### SOURCE DATA

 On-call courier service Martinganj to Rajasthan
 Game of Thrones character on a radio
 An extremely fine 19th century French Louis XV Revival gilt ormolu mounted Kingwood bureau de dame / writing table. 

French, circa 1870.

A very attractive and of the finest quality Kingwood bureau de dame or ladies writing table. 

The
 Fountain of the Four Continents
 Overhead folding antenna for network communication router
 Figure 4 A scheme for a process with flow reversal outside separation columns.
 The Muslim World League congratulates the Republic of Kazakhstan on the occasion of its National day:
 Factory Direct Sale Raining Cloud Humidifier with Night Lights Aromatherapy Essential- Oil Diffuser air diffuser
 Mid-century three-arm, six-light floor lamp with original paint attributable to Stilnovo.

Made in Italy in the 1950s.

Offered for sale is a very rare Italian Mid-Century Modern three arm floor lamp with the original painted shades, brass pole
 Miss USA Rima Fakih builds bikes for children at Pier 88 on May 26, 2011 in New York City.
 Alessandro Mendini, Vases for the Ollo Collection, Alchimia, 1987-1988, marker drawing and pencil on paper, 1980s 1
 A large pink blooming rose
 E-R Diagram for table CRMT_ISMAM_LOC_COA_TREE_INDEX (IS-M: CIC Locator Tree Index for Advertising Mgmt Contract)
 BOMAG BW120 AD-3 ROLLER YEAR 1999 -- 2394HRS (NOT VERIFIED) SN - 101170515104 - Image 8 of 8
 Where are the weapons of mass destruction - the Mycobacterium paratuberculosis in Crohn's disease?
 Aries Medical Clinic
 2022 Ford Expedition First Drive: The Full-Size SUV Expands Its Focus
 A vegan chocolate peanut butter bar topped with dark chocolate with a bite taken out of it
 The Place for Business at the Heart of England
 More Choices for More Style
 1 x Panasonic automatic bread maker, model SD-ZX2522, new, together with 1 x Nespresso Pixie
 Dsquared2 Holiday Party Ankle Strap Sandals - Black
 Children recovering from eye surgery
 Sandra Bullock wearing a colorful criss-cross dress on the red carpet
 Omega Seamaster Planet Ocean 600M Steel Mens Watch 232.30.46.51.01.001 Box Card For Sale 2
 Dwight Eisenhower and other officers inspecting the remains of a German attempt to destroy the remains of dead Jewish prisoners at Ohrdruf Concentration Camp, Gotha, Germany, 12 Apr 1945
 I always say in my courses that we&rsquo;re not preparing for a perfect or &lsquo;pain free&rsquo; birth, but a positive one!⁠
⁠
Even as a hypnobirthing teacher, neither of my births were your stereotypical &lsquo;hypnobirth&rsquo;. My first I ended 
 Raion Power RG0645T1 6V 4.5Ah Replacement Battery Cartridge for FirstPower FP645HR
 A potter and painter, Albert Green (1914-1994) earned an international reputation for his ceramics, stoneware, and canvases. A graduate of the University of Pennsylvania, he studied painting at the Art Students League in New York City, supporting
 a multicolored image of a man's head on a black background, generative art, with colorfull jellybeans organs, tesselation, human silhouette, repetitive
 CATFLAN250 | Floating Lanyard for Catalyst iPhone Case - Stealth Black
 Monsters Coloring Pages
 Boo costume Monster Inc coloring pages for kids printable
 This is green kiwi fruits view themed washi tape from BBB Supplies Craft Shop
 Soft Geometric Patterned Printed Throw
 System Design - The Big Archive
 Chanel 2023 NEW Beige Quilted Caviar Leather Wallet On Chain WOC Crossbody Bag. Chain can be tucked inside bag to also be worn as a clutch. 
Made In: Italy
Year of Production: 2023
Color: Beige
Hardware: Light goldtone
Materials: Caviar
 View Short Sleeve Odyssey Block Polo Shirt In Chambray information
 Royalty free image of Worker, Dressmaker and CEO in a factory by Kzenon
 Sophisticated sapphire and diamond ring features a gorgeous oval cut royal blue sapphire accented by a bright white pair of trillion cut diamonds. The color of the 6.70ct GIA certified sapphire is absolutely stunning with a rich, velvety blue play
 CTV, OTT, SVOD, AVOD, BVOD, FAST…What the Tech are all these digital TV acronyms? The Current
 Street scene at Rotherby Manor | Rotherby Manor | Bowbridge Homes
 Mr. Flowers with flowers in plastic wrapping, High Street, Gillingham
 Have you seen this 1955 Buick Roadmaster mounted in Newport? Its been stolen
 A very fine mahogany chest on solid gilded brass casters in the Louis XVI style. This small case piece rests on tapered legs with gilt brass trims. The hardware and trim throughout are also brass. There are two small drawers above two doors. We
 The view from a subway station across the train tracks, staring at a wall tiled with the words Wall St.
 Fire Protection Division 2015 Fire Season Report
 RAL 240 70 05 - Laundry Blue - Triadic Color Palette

### YOUR ASSIGNMENT
In the entries above, find each line with the word "lamp" and return it.

### YOUR RESPONSE
 Mid-century three-arm, six-light floor lamp with original paint attributable to Stilnovo.
Offered for sale is a very rare Italian Mid-Century Modern three arm floor lamp with the original painted shades, brass pole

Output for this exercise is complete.